This tutorial explains how to send events from CSV files using Fluentd.
Prerequisites
Please verify the following is installed to configure your system correctly:
Component | Recommendation |
---|---|
Docker | Minimum version 19.03.4 |
docker-compose | Minimum version 1.24.1 |
Operating System | Ubuntu, Linux (Amazon, RHEL) |
Available RAM | Minimum 4 GB |
Available Disk Space | 10 to 12 GB for File based buffering mechanism |
Step 1: Create the Fluentd configuration file
Create a file called qsensei_fluentd.conf
Paste the following configuration in the file to declare system-wide parameters. In this example, we have declared the number of workers as 1 but, to achieve higher throughput, this can be increased depending on the number of CPU cores available on the system.
<system>
workers 1
log_level info
</system>
Paste the following configuration to import the configuration file to report connector status.
@include qsensei_fluentd_connector_status.conf
Step 2: Configure the Input CSV Plugin
In this example, the CSV file stores apache web access logs. Below you can see the first 4 lines of the sample CSV file. The first line are the CSV headers and following lines are data records.

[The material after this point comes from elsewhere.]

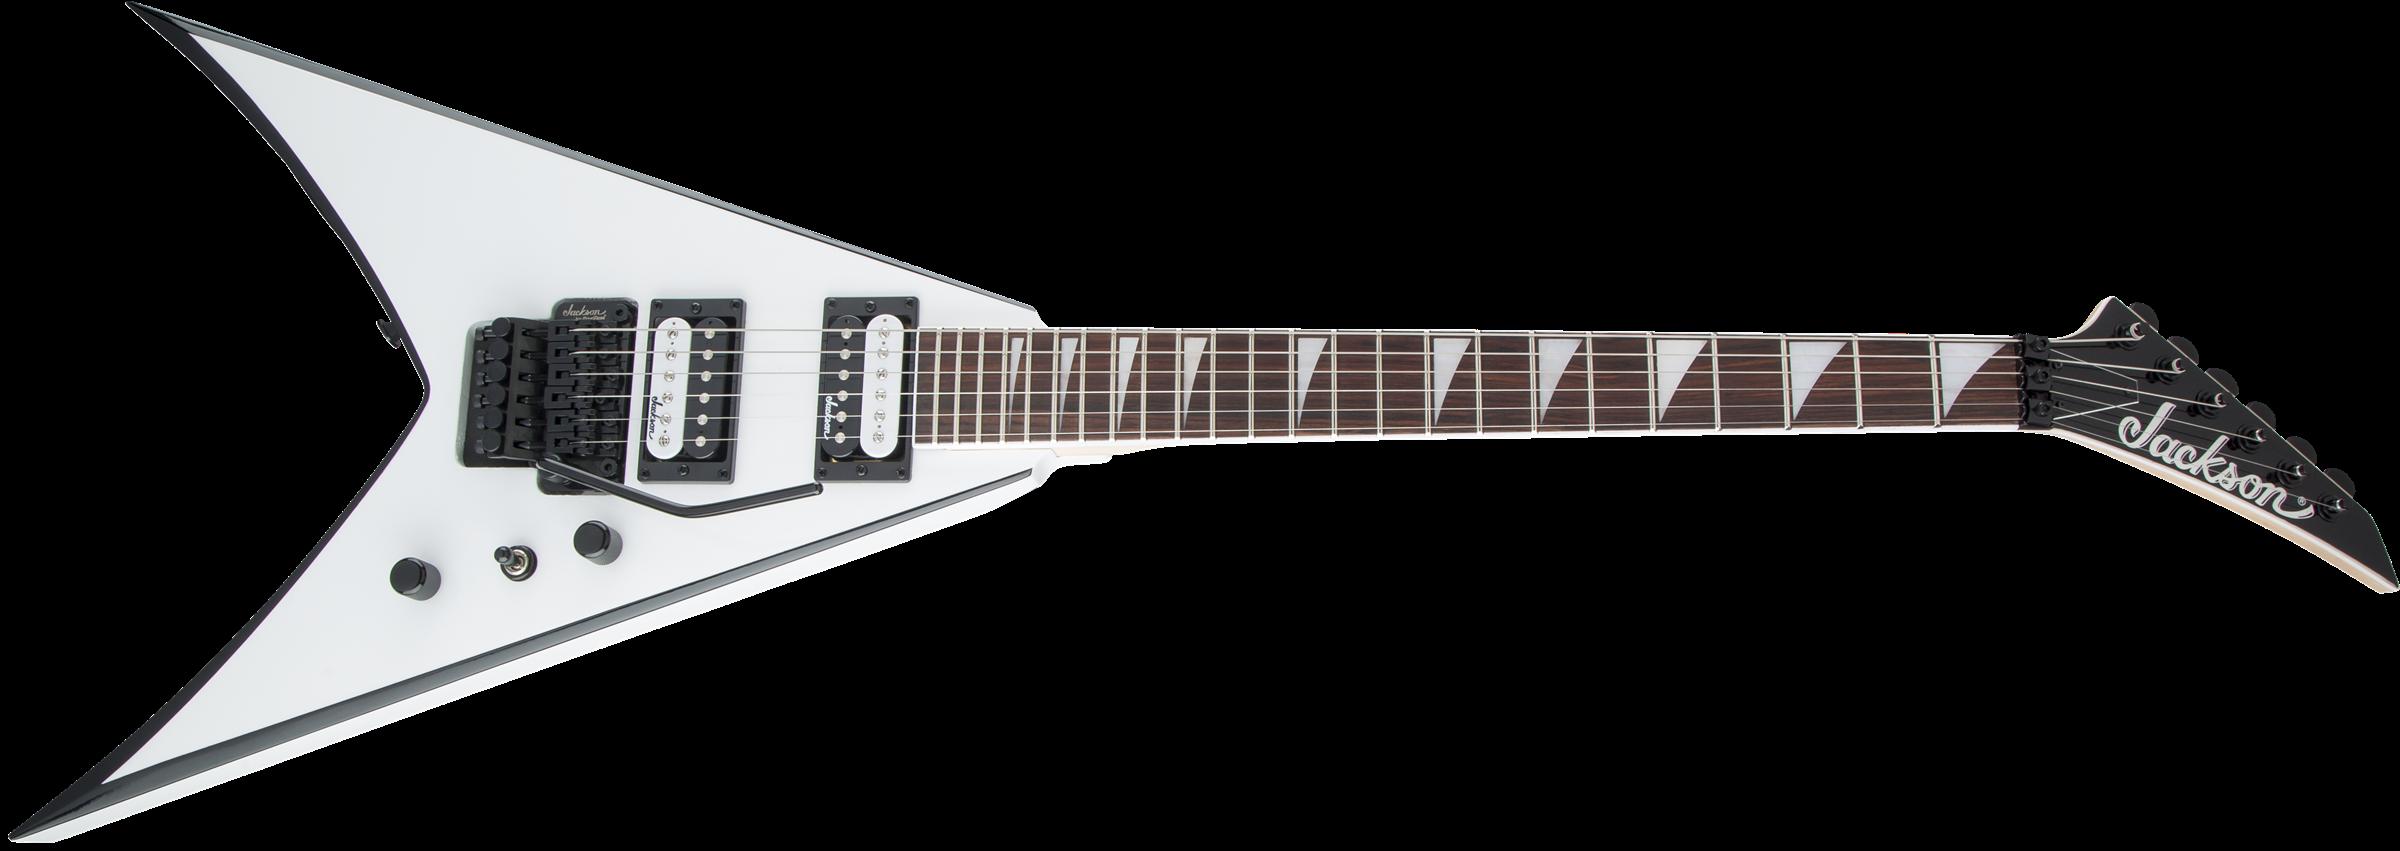 Jackson JS Series King V™ JS32, Amaranth Fingerboard, White with Black Bevels
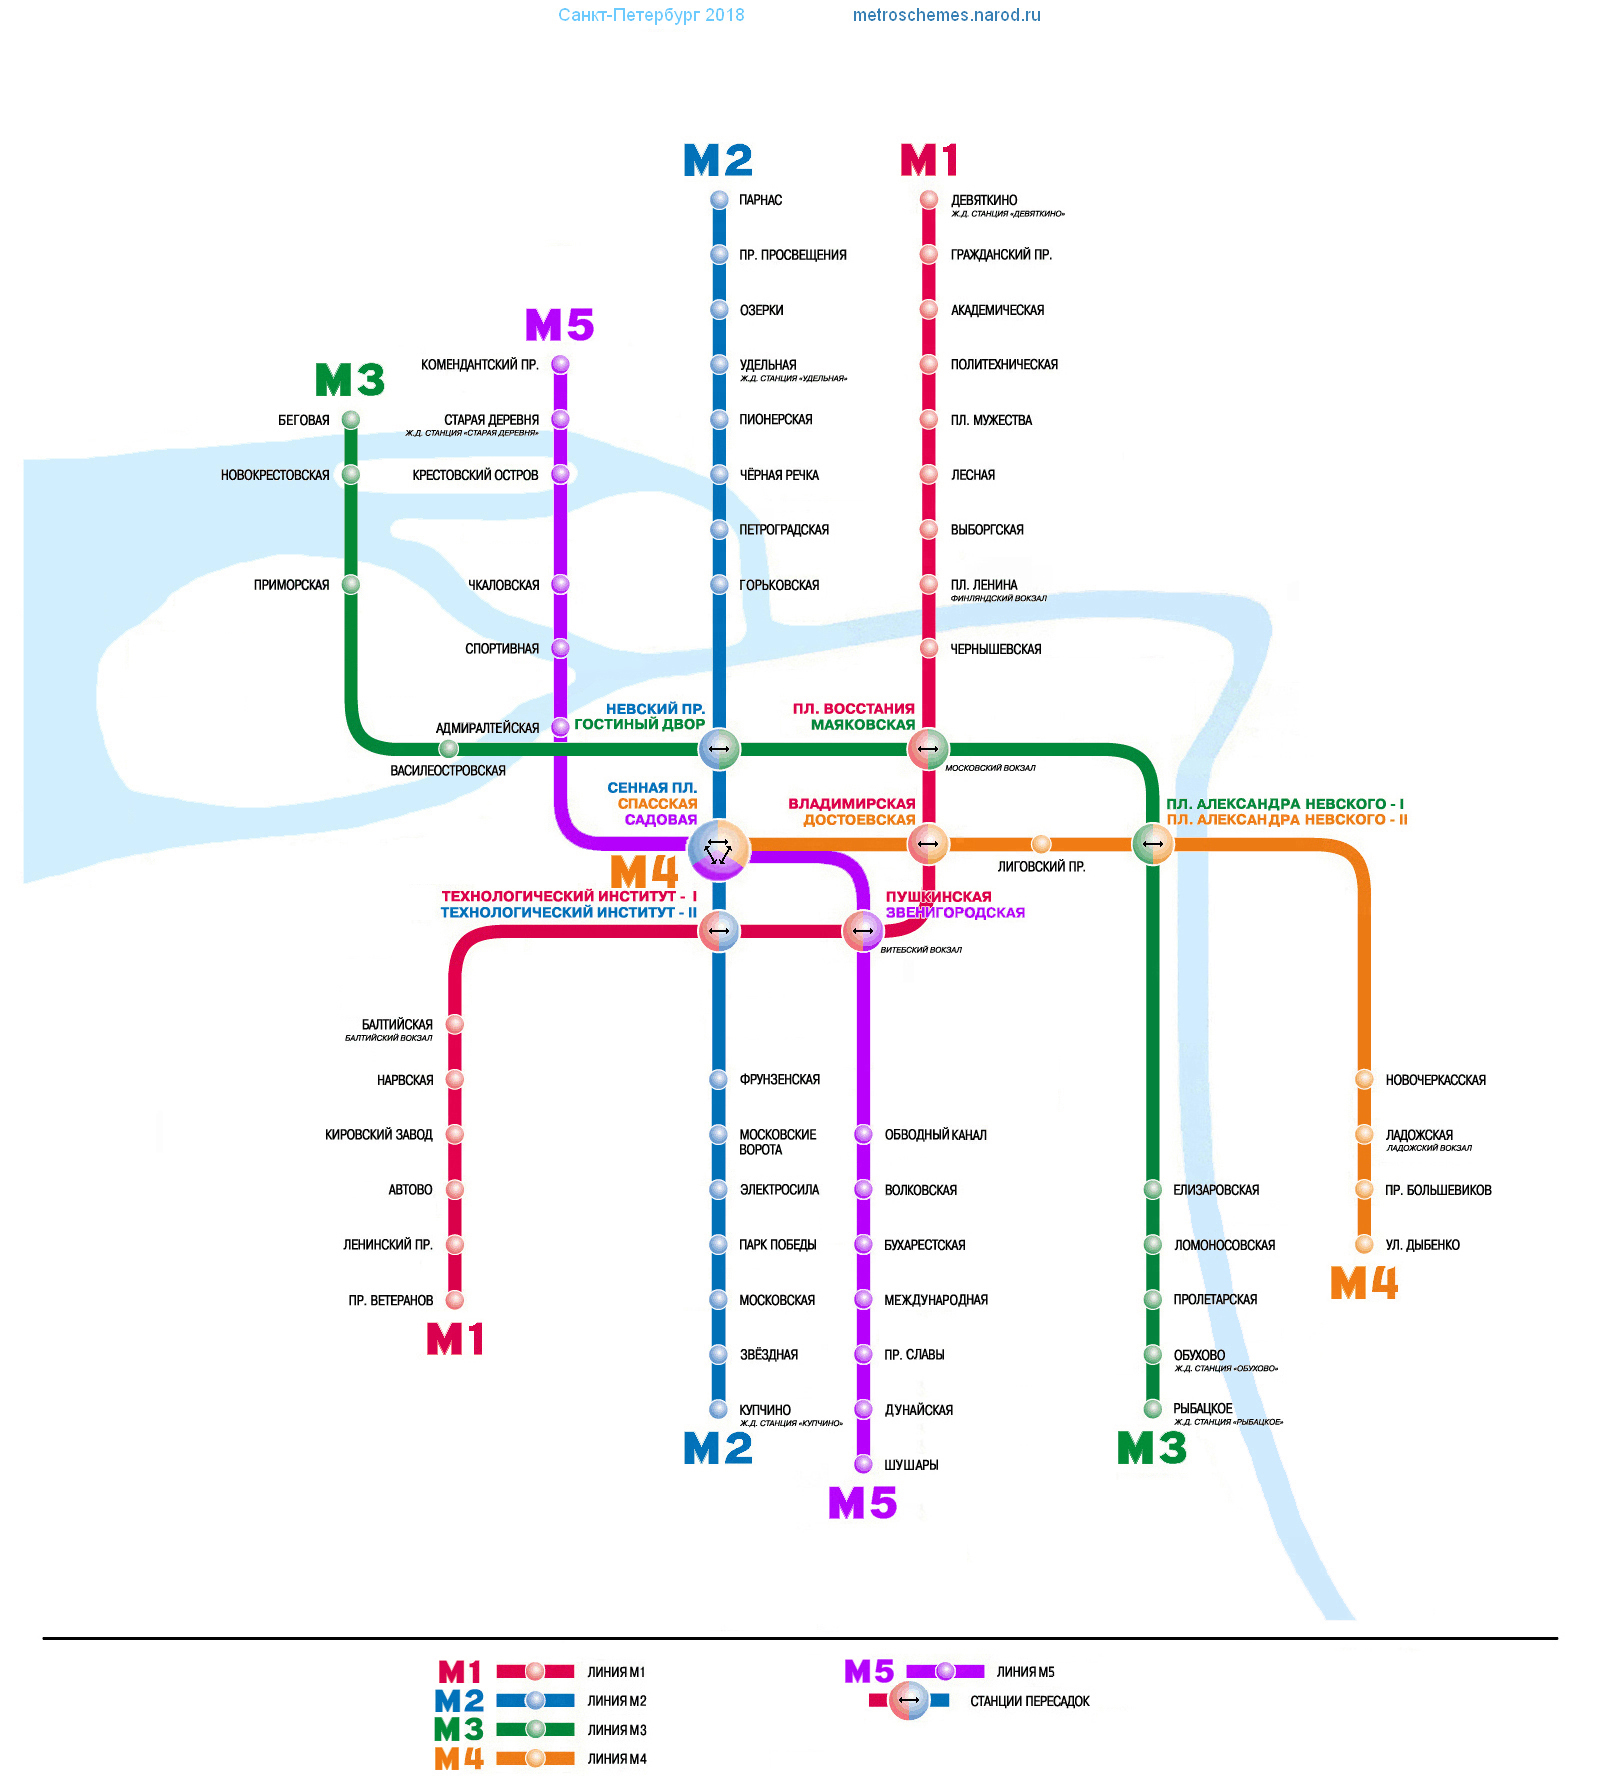 Зоопарк санкт-петербурге официальный ближайшее метро

host,logname,time,method,url,response,bytes,referer,useragent
199.72.81.55,-,2021-04-14T00:57:59+00:00,GET,/history/apollo/,200,6245,,
unicomp6.unicomp.net,-,2021-04 14T00:57:59+00:00,GET,/shuttle/countdown/,200,3985,,
burger.letters.com,-,2021-04-14T00:57:59+00:00,GET,/shuttle/countdown/liftoff.html,304,0,,
Paste the following contents in Fluentd configuration file. The tag apache_log associated with the input events will be used as topic name in Q-Sensei Logs.
<source>
@type tail
path /var/log/access_logs.csv
pos_file /var/log/access_logs.csv.pos
tag apache_log
format csv
keys host, logname, time, method, url, response, bytes, referrer, useragent
time_key time
@label @QSENSEI_LOGS
</source>
Step 3: Configure the Output plugin
The output plugin configuration will define where to forward the events labelled @QSENSEI_LOGS. In this example, the output plugin is an HTTPS API Gateway Endpoint to your Q-Sensei Logs deployment. To configure the output plugin, paste the following contents in Fluentd configuration file.
<label @QSENSEI_LOGS>
# Enrich and transform the events
<filter **>
@type record_transformer
renew_record true
enable_ruby true
<record>
value ${record}
topic ${tag}
serialization_format JSON/OBJECT
fuse:action replace_or_create
fuse:type message
sent-time ${time}
</record>
</filter>
# Forward the events to Q-Sensei’s HTTPS endpoint
<match **>
@type http
http_method post
endpoint https://uxxx.execute-api.us-east-1.amazonaws.com/api/upload/events
content_type application/json
json_array true
headers {"x-api-key": "xxxxx","x-deployment-id": "xxxxx"}
<format>
@type json
</format>
</match>
</label>
In the above output plugin configuration, notice the parameters endpoint, x-api-key and x-deployment-id. These parameters are specific to your deployment can be downloaded from the Manager UI.
Step 4: Define docker services
Create a file called docker-compose.yaml and paste the following contents in the file. The docker image for Fluentd is the official docker image maintained by Treasure Data, Inc.
version: "3"
services:
aggregator:
image: fluent/fluentd:v1.12
volumes:
- ./qsensei_fluentd.conf:/fluentd/etc/qsensei_fluentd.conf
- qsensei_fluentd_data:/fluentd
environment:
FLUENTD_CONF: qsensei_fluentd.conf
volumes:
qsensei_fluentd_data: {}
Step 5: Start Fluentd
Run the following command to start Fluentd. This command will pull the latest docker image, create docker volume to persist Fluentd data and start sending events to Q-Sensei Logs deployment.
docker-compose up -d